▸ **Task objective**: Start at the line below containing "Webkamera Skistadion" and stop at the line containing "grass snake (Natrix". Repeat every line of that stretch exactly, and nothing outside it.

▸ **Dataset content**:
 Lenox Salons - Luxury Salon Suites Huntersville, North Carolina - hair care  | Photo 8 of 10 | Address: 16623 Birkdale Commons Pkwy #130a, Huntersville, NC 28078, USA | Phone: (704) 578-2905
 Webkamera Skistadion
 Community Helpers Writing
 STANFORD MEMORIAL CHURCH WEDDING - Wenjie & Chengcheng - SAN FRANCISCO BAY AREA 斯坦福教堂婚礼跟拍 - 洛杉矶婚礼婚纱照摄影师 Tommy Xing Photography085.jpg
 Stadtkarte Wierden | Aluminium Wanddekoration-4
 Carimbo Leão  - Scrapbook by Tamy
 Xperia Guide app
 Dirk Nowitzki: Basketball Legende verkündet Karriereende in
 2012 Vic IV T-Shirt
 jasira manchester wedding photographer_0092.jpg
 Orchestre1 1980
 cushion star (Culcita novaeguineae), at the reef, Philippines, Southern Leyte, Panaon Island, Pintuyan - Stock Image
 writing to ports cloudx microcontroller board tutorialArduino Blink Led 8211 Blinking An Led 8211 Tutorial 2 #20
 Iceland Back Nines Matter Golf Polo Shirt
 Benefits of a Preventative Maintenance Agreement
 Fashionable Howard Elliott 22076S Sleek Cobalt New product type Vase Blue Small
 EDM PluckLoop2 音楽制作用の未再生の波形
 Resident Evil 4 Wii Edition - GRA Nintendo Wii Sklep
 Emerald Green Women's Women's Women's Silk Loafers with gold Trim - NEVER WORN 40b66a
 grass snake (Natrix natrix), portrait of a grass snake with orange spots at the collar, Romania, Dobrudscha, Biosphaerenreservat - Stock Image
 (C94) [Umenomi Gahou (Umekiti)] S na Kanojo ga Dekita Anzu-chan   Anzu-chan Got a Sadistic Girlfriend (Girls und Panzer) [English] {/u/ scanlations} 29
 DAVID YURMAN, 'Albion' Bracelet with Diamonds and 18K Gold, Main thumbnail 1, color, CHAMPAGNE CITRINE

▸ **Response for this exercise**:
 Webkamera Skistadion
 Community Helpers Writing
 STANFORD MEMORIAL CHURCH WEDDING - Wenjie & Chengcheng - SAN FRANCISCO BAY AREA 斯坦福教堂婚礼跟拍 - 洛杉矶婚礼婚纱照摄影师 Tommy Xing Photography085.jpg
 Stadtkarte Wierden | Aluminium Wanddekoration-4
 Carimbo Leão  - Scrapbook by Tamy
 Xperia Guide app
 Dirk Nowitzki: Basketball Legende verkündet Karriereende in
 2012 Vic IV T-Shirt
 jasira manchester wedding photographer_0092.jpg
 Orchestre1 1980
 cushion star (Culcita novaeguineae), at the reef, Philippines, Southern Leyte, Panaon Island, Pintuyan - Stock Image
 writing to ports cloudx microcontroller board tutorialArduino Blink Led 8211 Blinking An Led 8211 Tutorial 2 #20
 Iceland Back Nines Matter Golf Polo Shirt
 Benefits of a Preventative Maintenance Agreement
 Fashionable Howard Elliott 22076S Sleek Cobalt New product type Vase Blue Small
 EDM PluckLoop2 音楽制作用の未再生の波形
 Resident Evil 4 Wii Edition - GRA Nintendo Wii Sklep
 Emerald Green Women's Women's Women's Silk Loafers with gold Trim - NEVER WORN 40b66a
 grass snake (Natrix natrix), portrait of a grass snake with orange spots at the collar, Romania, Dobrudscha, Biosphaerenreservat - Stock Image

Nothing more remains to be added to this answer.